The concentration of resources for development of protocols regionally or nationally would be more efficient and liable to lead to the use of more appropriate and rigorous methods. As national or regional guidelines linked to evidence are produced related protocols should be developed. The developers of a guideline might themselves devise a relevant protocol, but it is important that the specific circumstances of potential users of the protocol are taken into account. Most guidelines are not developed with a single clinical setting in mind, such as general practice or cardiology outpatient departments, and in most cases clinicians from the relevant setting must take the lead in defining the wording of criteria in the light of the guidelines and the research evidence. Locally, health commissions, audit groups, and other agencies concerned in the assessment of care can select a protocol which has been rigorously developed by an expert group for an aspect of care in which they are interested. Alternatively, if a set of adequate and approved guidelines have been issued they can then choose the criteria to be used, taking into account their prioritisation and the requirements of local clinicians. Local standards may also be set, and a systematic method of collecting and analysing information about compliance with the criteria can be used.
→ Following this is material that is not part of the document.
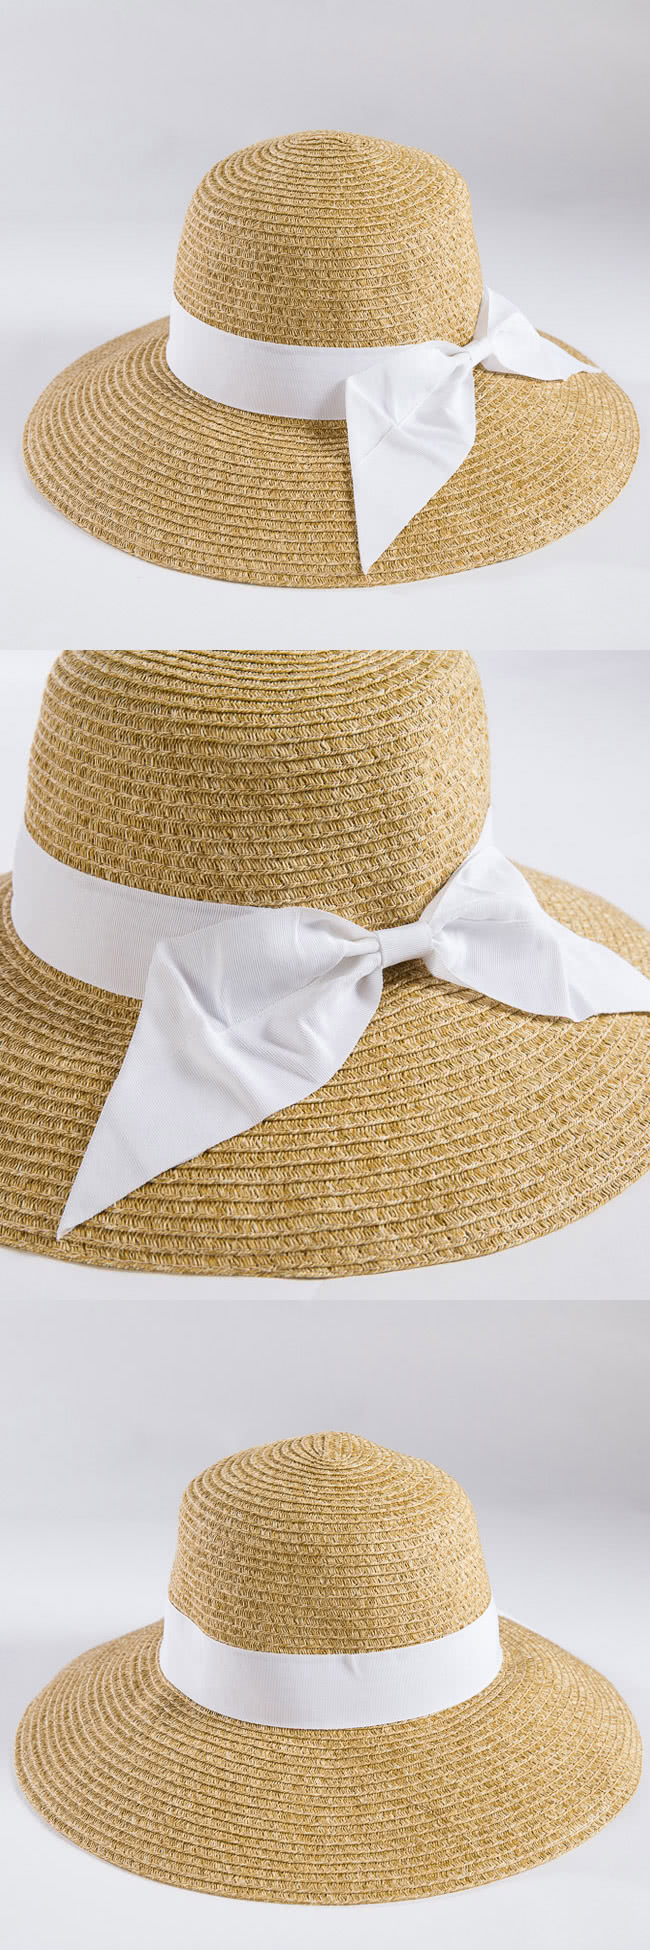 【Lorensa蘿芮】都會款配色緞帶大帽簷抗UV遮陽帽(白色草帽)

We hope that our clarification of the meaning and practical application of terms used will encourage the linkage of guidelines with criteria, thus providing a more effective approach to implementing the findings of research in everyday practice. Clinical practice based on evidence is more likely to be achieved if guidance to assist decision making and assessments of care are both used as related parts of an integrated system. The combination of an increasing number of scientifically valid guidelines, equally sound regional or national criteria, and an explicit mechanism used to ensure their appropriate use, such as that described in this paper, should facilitate the rational monitoring and audit of care.